- **Task objective**
The lines from the start of the data through the line with "TAVARES Casual Shirts" are to be returned verbatim; all later lines are to be omitted.

Stored data entries
..............................

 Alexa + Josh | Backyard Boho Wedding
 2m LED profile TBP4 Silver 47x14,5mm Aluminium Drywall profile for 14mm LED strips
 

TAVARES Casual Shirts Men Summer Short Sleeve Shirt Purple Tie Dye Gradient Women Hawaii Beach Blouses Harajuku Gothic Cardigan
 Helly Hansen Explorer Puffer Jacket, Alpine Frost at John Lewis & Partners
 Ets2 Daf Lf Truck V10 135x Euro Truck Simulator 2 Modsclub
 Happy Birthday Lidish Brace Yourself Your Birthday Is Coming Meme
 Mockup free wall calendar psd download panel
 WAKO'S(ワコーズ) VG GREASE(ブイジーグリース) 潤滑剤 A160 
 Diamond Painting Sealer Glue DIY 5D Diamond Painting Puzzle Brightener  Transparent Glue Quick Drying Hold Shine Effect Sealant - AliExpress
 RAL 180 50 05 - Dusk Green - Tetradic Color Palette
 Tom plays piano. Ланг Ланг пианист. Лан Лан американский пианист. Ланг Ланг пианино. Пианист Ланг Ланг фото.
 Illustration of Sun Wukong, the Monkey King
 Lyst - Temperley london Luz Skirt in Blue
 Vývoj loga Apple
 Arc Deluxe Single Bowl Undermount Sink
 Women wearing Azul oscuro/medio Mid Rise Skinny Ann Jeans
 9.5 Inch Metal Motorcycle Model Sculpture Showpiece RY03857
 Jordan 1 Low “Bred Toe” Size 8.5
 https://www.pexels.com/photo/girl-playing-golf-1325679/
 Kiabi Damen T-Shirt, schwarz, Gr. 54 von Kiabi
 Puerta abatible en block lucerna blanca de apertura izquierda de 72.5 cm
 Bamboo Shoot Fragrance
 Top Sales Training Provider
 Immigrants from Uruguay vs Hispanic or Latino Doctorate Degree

..............................

- **Task output**
 Alexa + Josh | Backyard Boho Wedding
 2m LED profile TBP4 Silver 47x14,5mm Aluminium Drywall profile for 14mm LED strips
 

TAVARES Casual Shirts Men Summer Short Sleeve Shirt Purple Tie Dye Gradient Women Hawaii Beach Blouses Harajuku Gothic Cardigan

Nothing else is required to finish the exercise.